Such examples include ceramic fibers, refractory monoliths, or refractory brick.
To cool the primary chamber section 105, Figures 1(A) and 1(B) illustrate that
one or more cooling air fans 6 may be provided. In particular, the cooling air fans 6
may supply cool air to the internal area of the heating chamber 2 causing indirect
cooling of the primary chamber 1. As illustrated in Figures 1(A) and 1(B), a cooling
air fan is connected to the internal surface of the heating chamber via a duct. This air
flow to the heating chamber can be controlled by a gate valve. The cooling fans 6
may also serve to provide combustion air or cooling air or other gases into the primary
chamber via duct pipe 17. Duct pipe 17 is ultimately connected to the tuyere pipes
on the primary chamber and passes into the rotating primary by the same means as
the inert gas.
Figures 1(A) and 1B) further illustrate that the primary chamber section 105
includes a support frame 15, which provides support for the primary chamber 1 and
the heating chamber 2. Attached to a trunnion support 22 of the support frame 15 is
a trunnion 20. Furthermore, a hydraulic lifting cylinder 10 is provided and attached
to the trunnion 20 and the trunnion support 22 of the support frame 15. Although only
one hydraulic cylinder 10 is illustrated, in other embodiments, more than one
hydraulic lifting cylinder 10 may be utilized. The combination of the hydraulic lifting
cylinder 10 and the trunnion 20 provides rotational movement of primary chamber 1
and heating chamber 2 so that these structures may be properly positioned for loading
and unloading. That is, the trunnion 20 and hydraulic lifting cylinder 10 may be
configured to provide means for rotational movement of the primary chamber 1 and
heating chamber 2 for the loading of feedstock into the primary chamber 1.
For example, Figure 1(A) and 1(B) illustrate the primary chamber 1 and
heating chamber 2 in an operating position. In one embodiment, the primary chamber
1 and the heating chamber 2 may be rotated from 0º horizontal to a 45° angle from
vertical during operations. However, in other embodiments, the primary chamber 1
and heating chamber 2 may be rotated to other angles as appropriate for loading and/or
unloading, such as, for example to an angle of about 70°. Angling of the primary
chamber 1 and heating chamber 2 may also allow for the contents within the primary
chamber 1 to be conveniently added or removed.

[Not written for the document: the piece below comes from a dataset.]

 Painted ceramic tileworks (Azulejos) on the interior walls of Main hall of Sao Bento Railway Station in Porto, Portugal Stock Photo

Prior to operating the primary chamber section 105, the primary chamber 1
may be loaded with feedstock or waste through an opening at the top of the primary
chamber 1. To load the feedstock, a lid 11 that covers the opening of the primary
chamber 1 is removed, and feedstock is disposed into the primary chamber 1. In
certain embodiments, the lid 11 may be an exhaust hood. In other embodiments, the
lid 11 may remove combustion products, fumes, smoke, odors, heat, and steam from
inside the primary chamber 1 by evacuation and filtration. According to certain
embodiments, the lid 11 may be formed from conventional materials that are either
identical to or different from the materials that make up the primary chamber 1.

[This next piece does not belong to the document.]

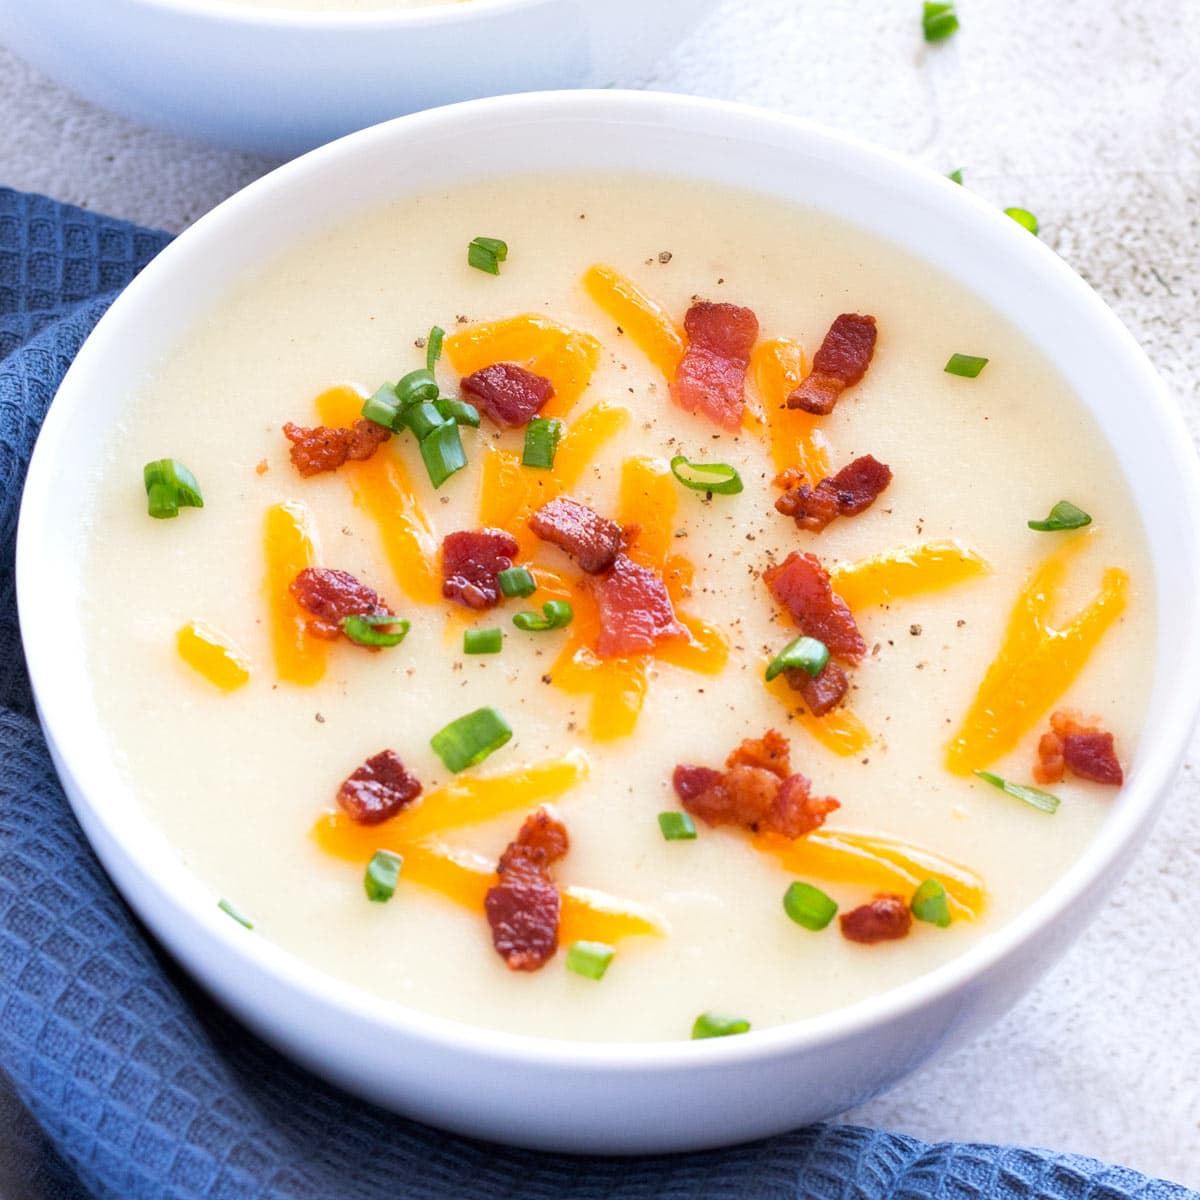 https://borrowedbites.com/wp-content/uploads/2021/09/Bowl-Of-Potato-Soup-With-Toppings.jpg

In certain embodiments, the feedstock may include batteries such as lithium
ion batteries, mobile phones, laptops, computers, motherboards, and various other
computer and/or electrical equipment or devices. In other embodiments, the
feedstock may be medical waste items such as human waste contaminated equipment,
hardware, medical devices that contain electrical circuits or other hardware, tubing,
needles, glass, or other waste materials that may contain or be exposed to harmful
pathogens or toxins, or even large hazardous waste boxes that contain medical waste.
In some embodiments, the feedstock does not need to be broken down, and can instead
be directly deposited into the primary chamber 1. However, if desired, the feedstock
may be broken down into smaller parts before being loaded. For larger or heavier
feedstock, a gantry may be used for loading into the primary chamber 1.

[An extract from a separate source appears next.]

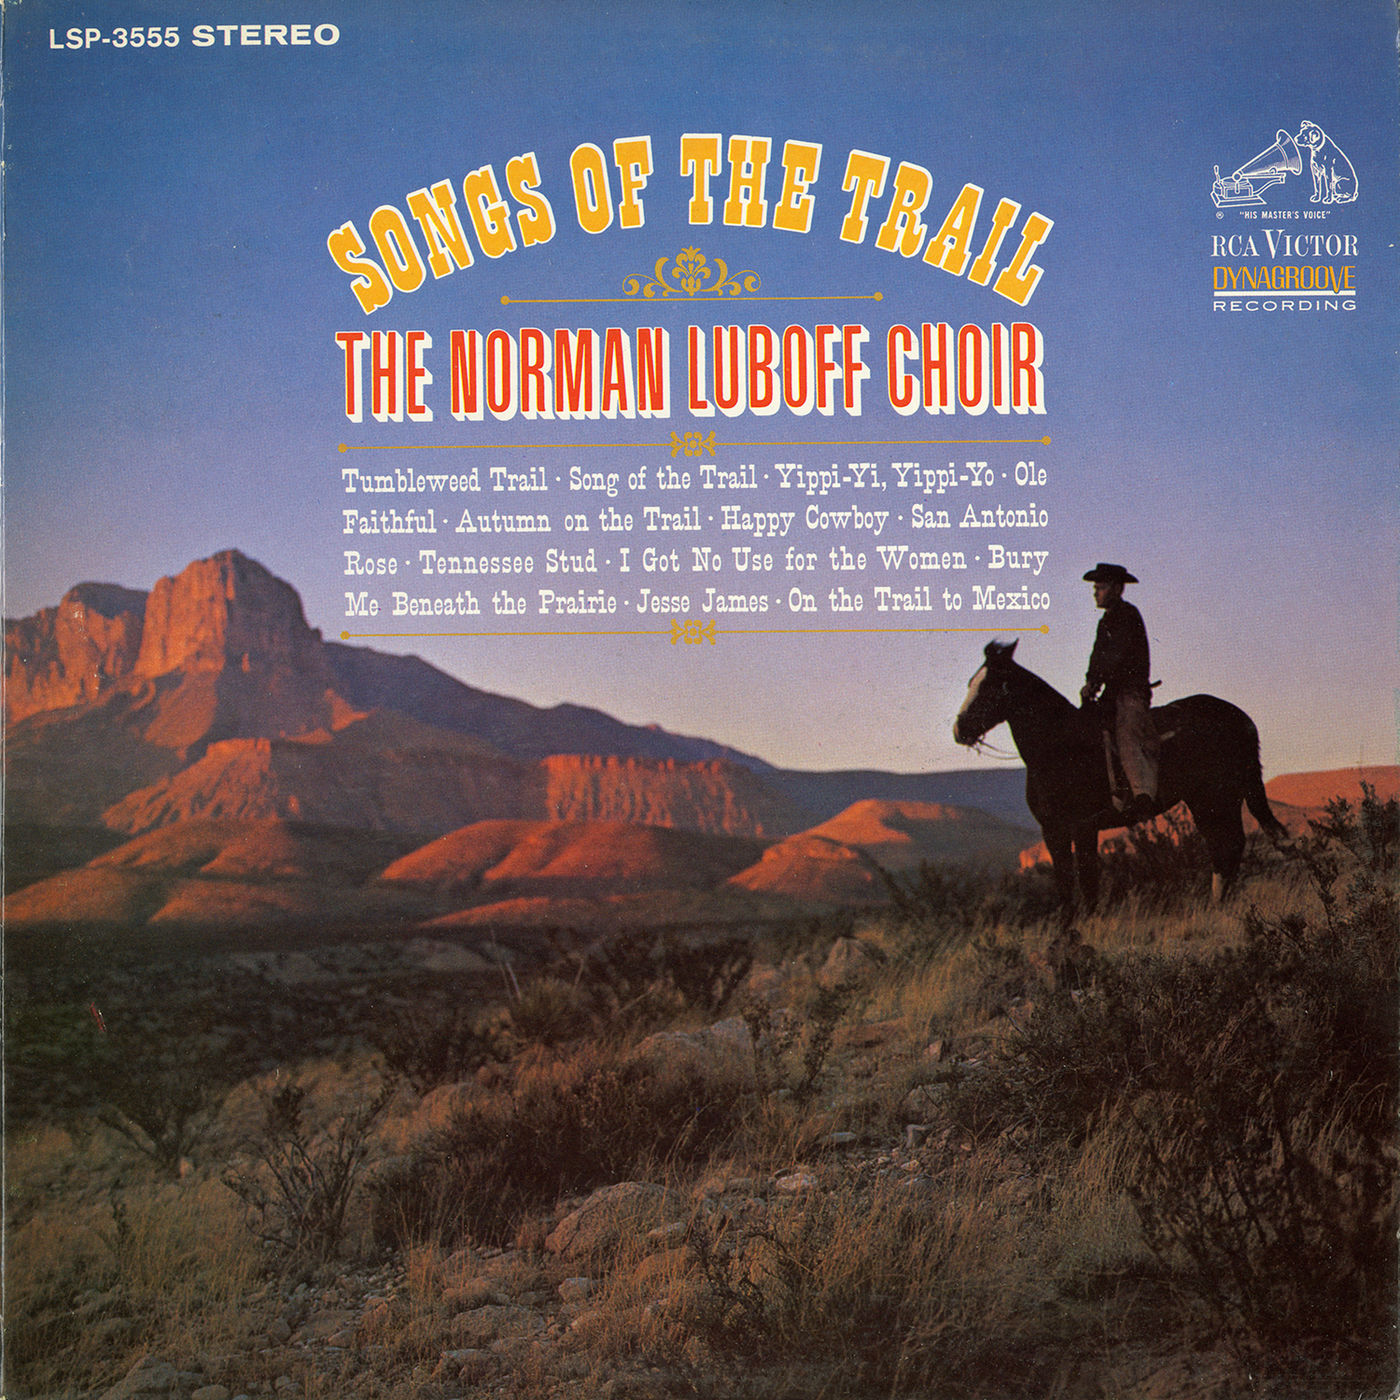 The Norman Luboff Choir – Songs of the Trail

Once the feedstock has been loaded into the primary chamber 1, the lid 11 may
be lowered to seal the opening of the primary chamber 1, and thereby maintaining an
inert environment within the primary chamber 1. After sealing the primary chamber
1, residual oxygen within the primary chamber 1 may be removed by displacement
with inert gas. Heat may also then be supplied indirectly to the primary chamber via
the burner 5a. As the primary chamber 1 is heated, the gearbox 9 may drive the
primary chamber 1 causing it to rotate. In addition, as the primary chamber 1 is
heated, the feedstock may start to give off gas and disintegrate. Syngas is generated
from the elemental material within the feedstock.
During the heating, according to certain embodiments, feedstock
disintegration may occur at three different stages depending on the type and volume
of feedstock used. However, in other embodiments, a fourth stage may be observed.
The first stage may be observed at 250 °C, the second stage may be observed at
400 °C, and the third stage may be observed at 550 °C. In addition, the temperatures
at which these stages start and end may vary. The addition of an inert gas into the
primary chamber allows for better control and makes the behavior of the feedstock
more predictable.
According to certain embodiments, in addition to adding feedstock into the
primary chamber 1, milling media may also be added. Milling media may be any
used to crush or grind materials, such as balls, beads, cylinders, cut wire, or other
shaped materials, and may be formed of materials such as steel, aluminia oxide, metal
alloys, tungsten carbide, and the like. The mixing of milling media with the feedstock
assists in pulverizing the feedstock into a powder-like concentrate. This grinding
process may be helpful during the combined pyrolysis and gasification process as
well. Moreover, it may help remove the already gasified layers from the feedstock
and expose new layers making the process faster and more uniform.
As illustrated in Figures 1(A) and 1(B), a primary chamber exhaust duct 12 is
connected to the lid 11. During operation of the primary chamber 1 and the heating
chamber 2, toxic gases are produced within the primary chamber 1 from the feedstock.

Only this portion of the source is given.